WHAT TO DO: Repeat the listing below verbatim, without its images.

COLLECTED MATERIAL:
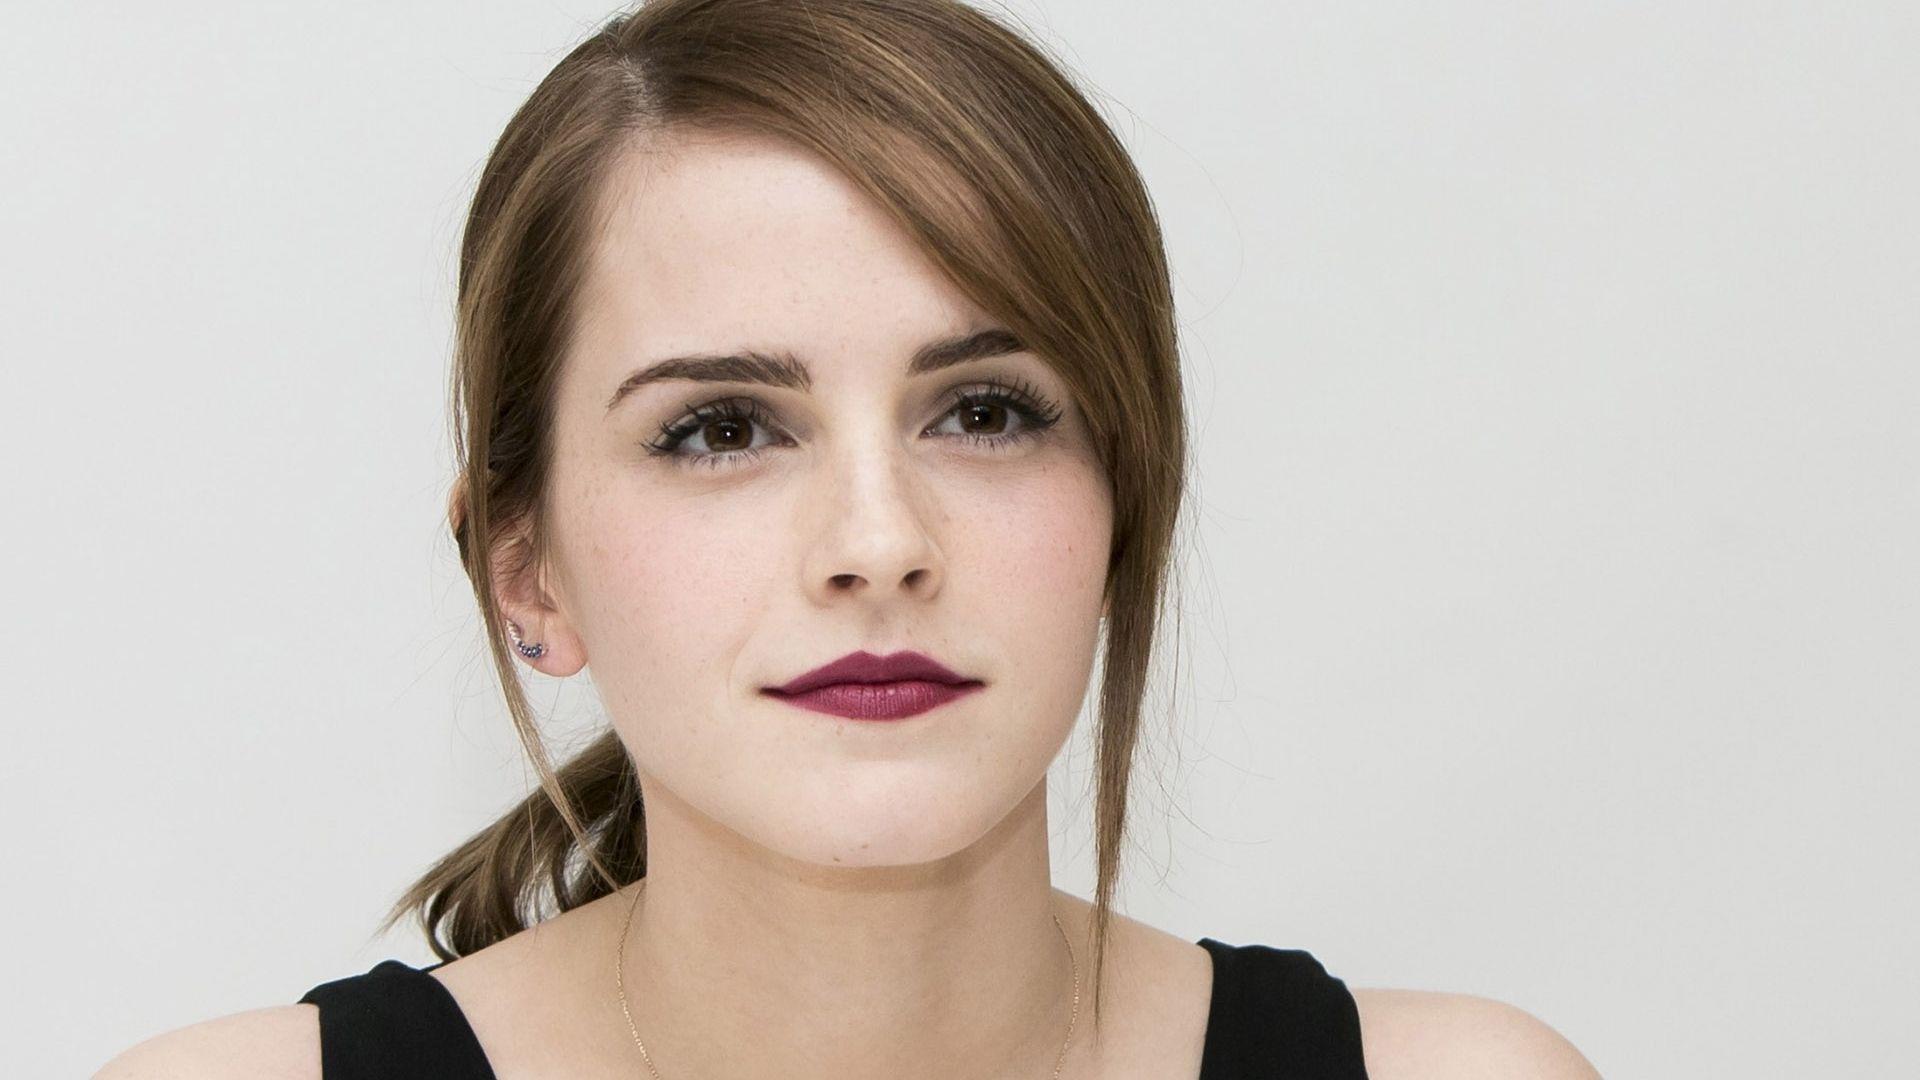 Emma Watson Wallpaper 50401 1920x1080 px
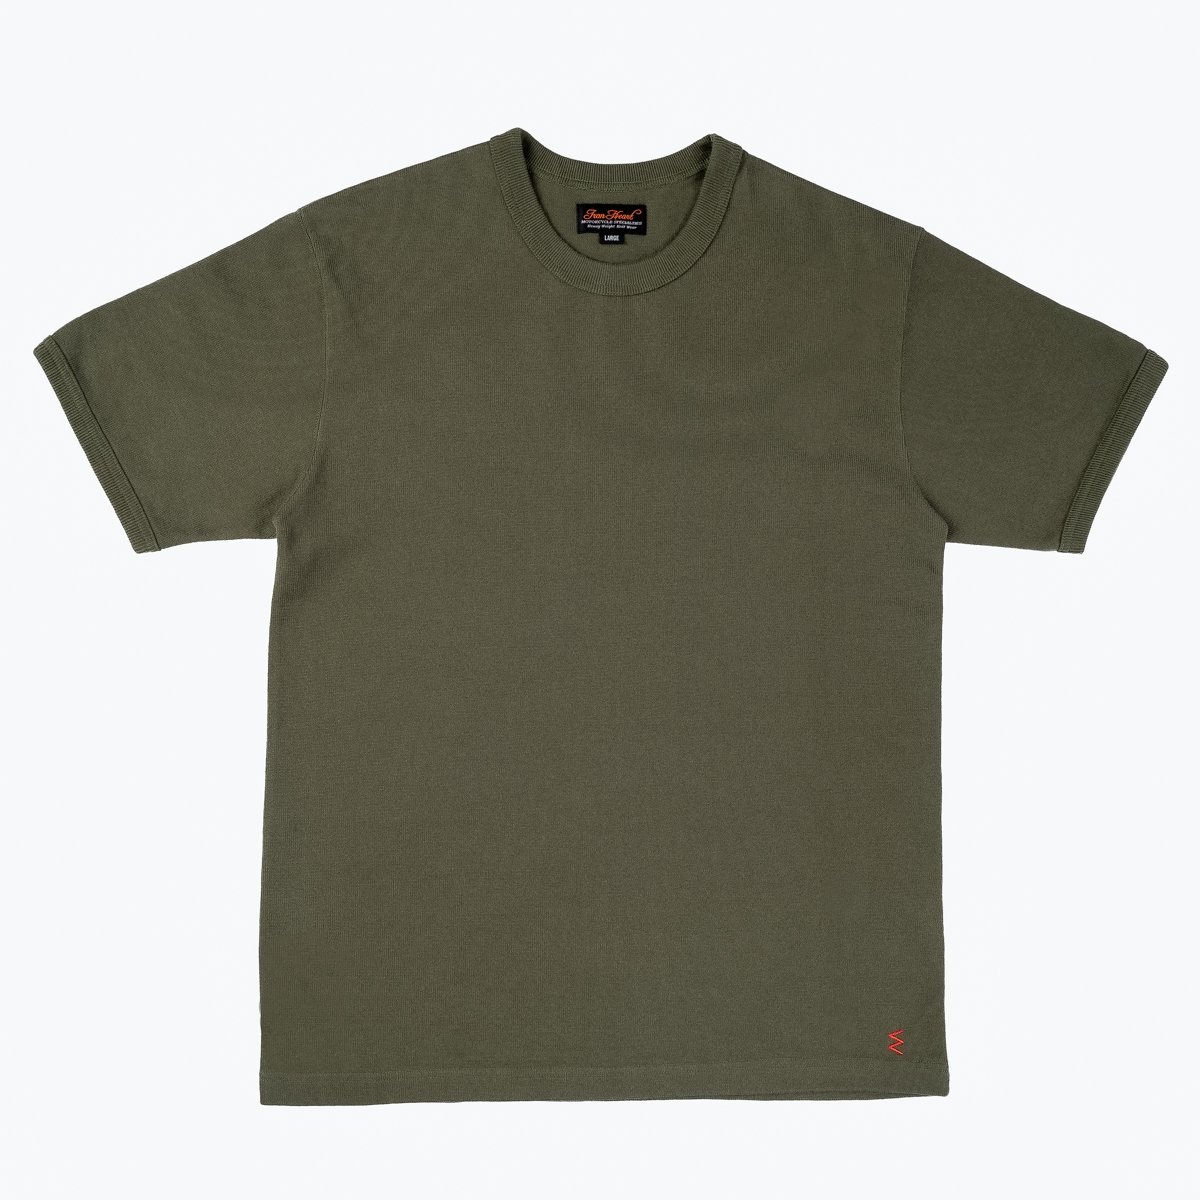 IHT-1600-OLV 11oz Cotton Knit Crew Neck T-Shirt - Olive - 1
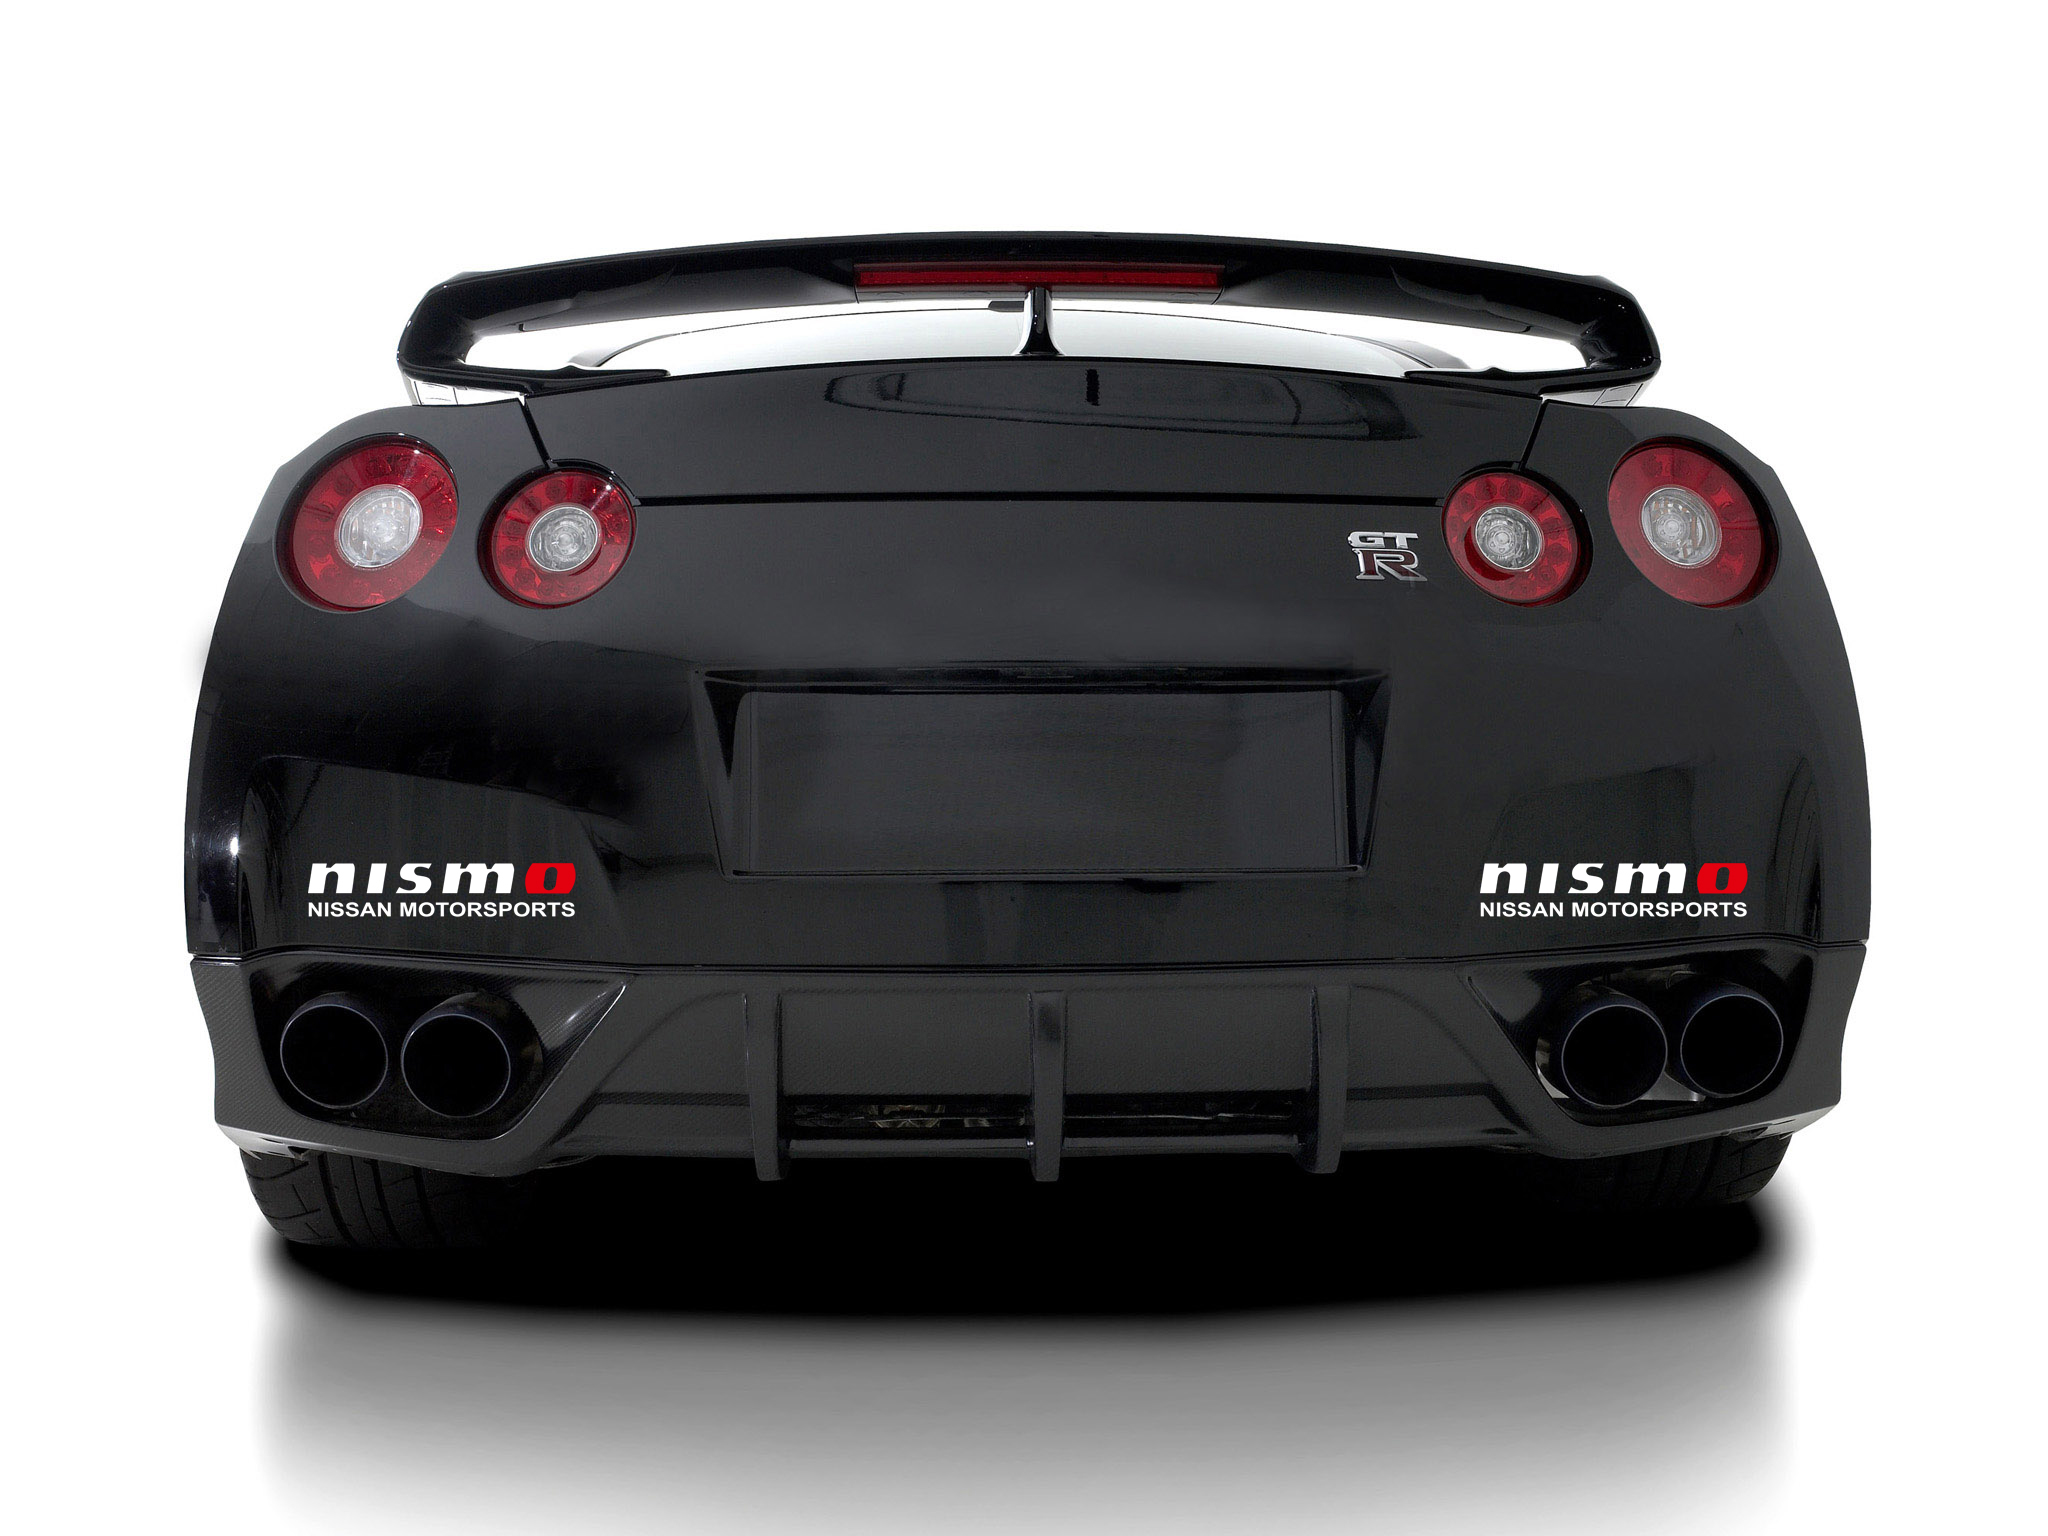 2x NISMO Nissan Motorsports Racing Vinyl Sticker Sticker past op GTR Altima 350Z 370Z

WRITTEN RESPONSE:
 Emma Watson Wallpaper 50401 1920x1080 px
 IHT-1600-OLV 11oz Cotton Knit Crew Neck T-Shirt - Olive - 1
 2x NISMO Nissan Motorsports Racing Vinyl Sticker Sticker past op GTR Altima 350Z 370Z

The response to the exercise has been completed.